Upheavals in Lebanon and Iraq Throw a Monkey Wrench Into Iran's Strategic Designs

Anti-government protesters clash with riot policemen during a protest against government's plans to impose new taxes, in Beirut, Lebanon, Friday, Oct. 18, 2019. Nationwide protests paralyzed Lebanon on Friday as thousands of demonstrators blocked major roads in a second day of rallies against the government's handling of a severe economic crisis and the country's political class they perceive as being corrupt. (AP Photo/Hassan Ammar)

In Lebanon and Iraq, governments dominated by Iran-friendly Shiite Muslims have been forced to resign while in Syria and Yemen, Iranian power is ebbing.

Anyone who can read a map knows that Iran’s grand strategic vision for Shia hegemony is faltering. And the mullahs who dreamed it up are panicking.


The National:

Iran’s projects in Iraq, Lebanon, Syria and Yemen are coming under siege to such an extent that its leaders are in a state of panic. In Syria, the Iranian project has been set back by a Russian-approved US-Turkish deal, effectively blocking the strategic causeway Tehran was planning to complete its crescent of power, stretching all the way from Tehran to the Mediterranean via Iraq, Syria and Lebanon. In Iraq, there is a Shiite backlash against Iran’s excessive meddling in Iraq, to the point that protesters are chanting: “Iran get out”, despite a violent backlash from the IRGC-backed Popular Mobilisation Forces, who have fired live ammunition at protesters in Karbala, the consecrated heartland of Shiite religious doctrine.

In Lebanon, fear of Hezbollah has collapsed along with the unity government of accord it forms part of and Hezbollah chief Hassan Nasrallah is reduced to pointing the finger of blame. In Yemen, Iran’s expansionist project is facing a setback as the Saudi-Emirati exit strategy from the war is bearing fruit, giving Houthis a new path of belonging to a federalised Yemen, instead of looking towards Iran and its attempts at warmongering, with funds dwindling under US sanctions.

Iranian leaders, reeling from sanctions and growing unrest among the young and unemployed masses, have sought to goad Trump into attacking them. It has apparently failed.


General Kenneth McKenzie Jr, head of US Central Command (Centcom), last week addressed a conference held by the National Council for US-Arab relations. He said Iran remains a priority, but less so than China and Russia, in US strategic planning. He warned against false interpretations regarding the deployment and withdrawal of US troops in the Middle East and the Gulf, saying Iran continues to be monitored. And he spoke of deterrence “without provocation” as an important challenge to US calculations regarding Iran.

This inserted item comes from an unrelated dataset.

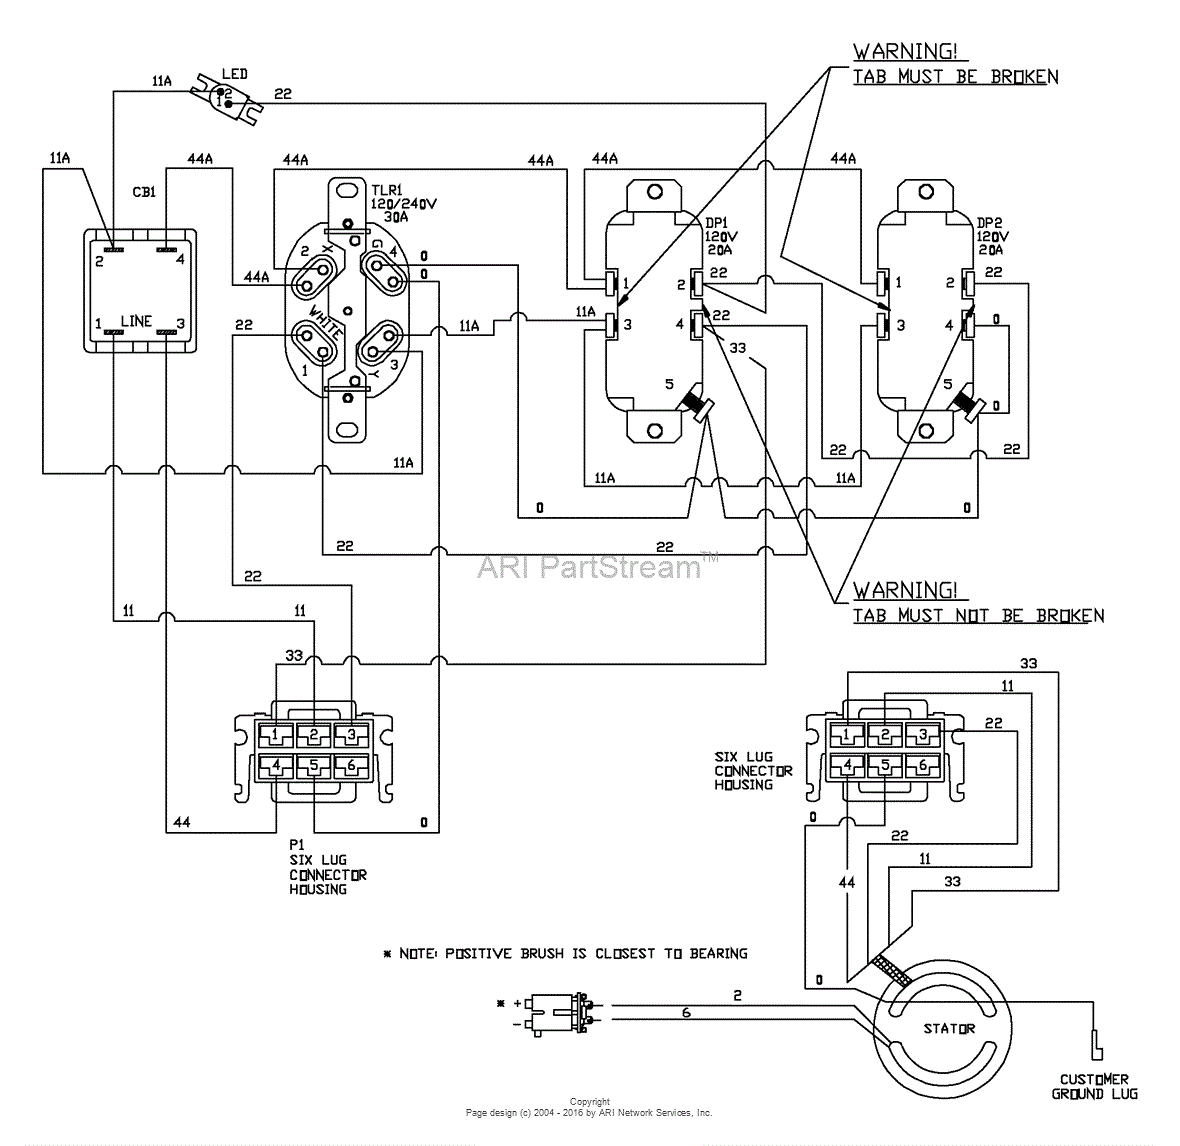 Briggs and Stratton Power Products 030324-0 - 5,550 Watt ... tecumseh condenser wiring diagram 
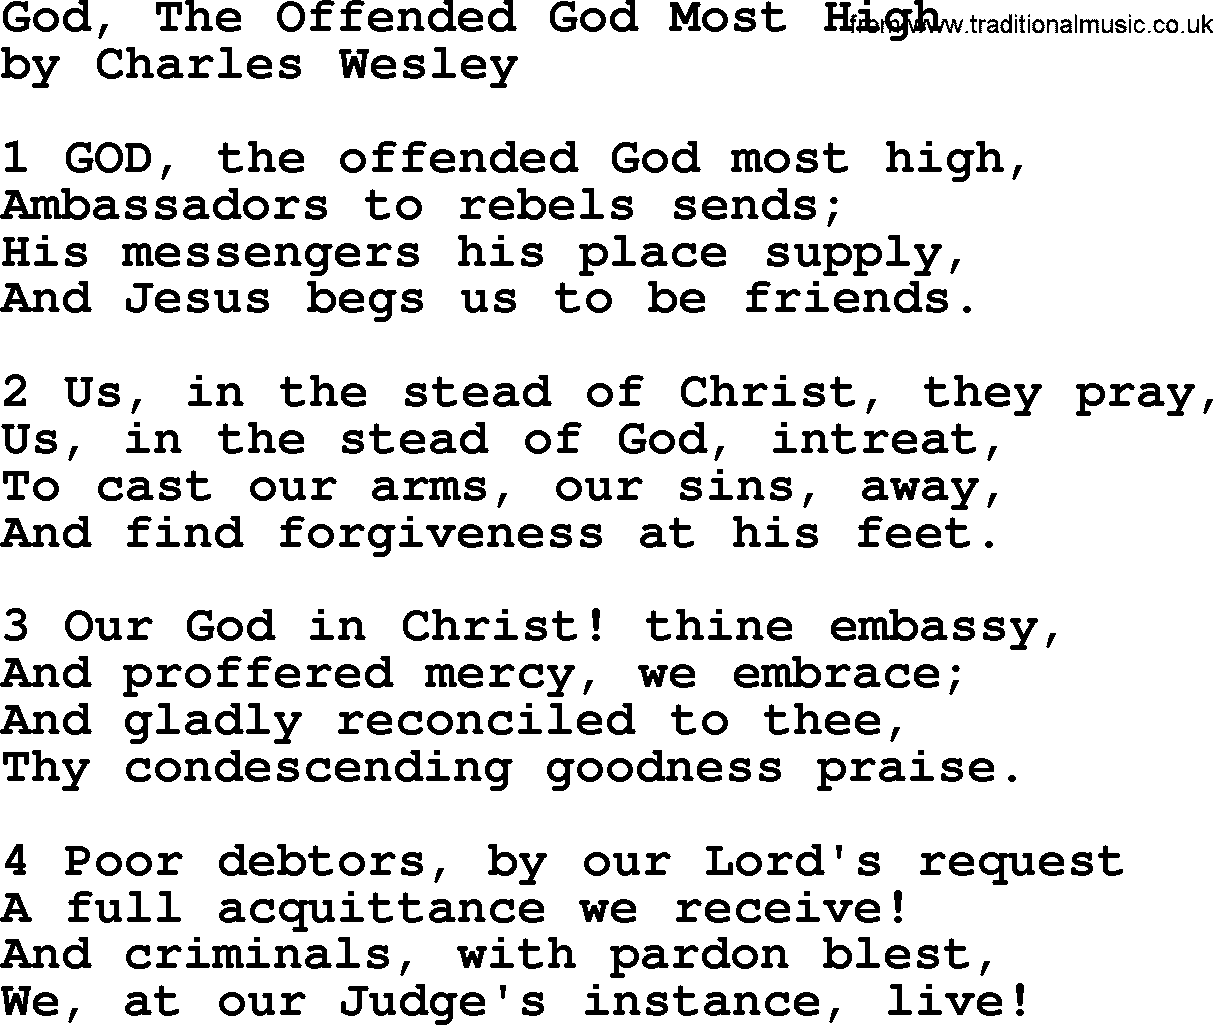 Charles Wesley hymn: God, The Offended God Most High, lyrics

That means short of attacking the U.S. or its troops directly, Trump won’t rise to the bait.

More to the point, the unrest across the region is generational, leaving the future very much in doubt for Tehran.

The young generation in Lebanon as well as in Iraq stand for victory against fear and blind obedience. They have risen up against corruption in their countries and against a political class that foolishly thought their power was permission to be greedy and venal. But this generation is also rising up against the 40-year-old presumption of the Iranian regime that it can dominate Arab youth through sectarianism, intimidation, oppression and Iranian-backed militias.

We see it in both Lebanon and Iraq where Shia youth are not buying what Iran is selling. They are in the streets, which must terrify Hezbollah and their masters in Tehran. The Shia militias in Iraq are already gunning down fellow Shia protesters. If the revolution in Lebanon goes too far, would Hezbollah do the same?


Without a doubt, yes. As it turns out, even Shia young people can’t be bought off with appeals to their religion. They want jobs. They want a life like they see other young people in the west living. Their leaders are hamstrung from making these kinds of basic reforms because of their allegiance to the fanatical, doctrinal holy men in Tehran.

The end game won’t be pretty. Iran will feel compelled to insist on a massive, bloody crackdown before democratic reforms dilute their power completely. We saw it work in Iran when religious police and the Revolutionary Guards murdered hundreds of protesters following the 2009 presidential election. Intimidation and the arrests of the protest leaders silenced the movement for change.

History may very well repeat itself in Iraq and Lebanon.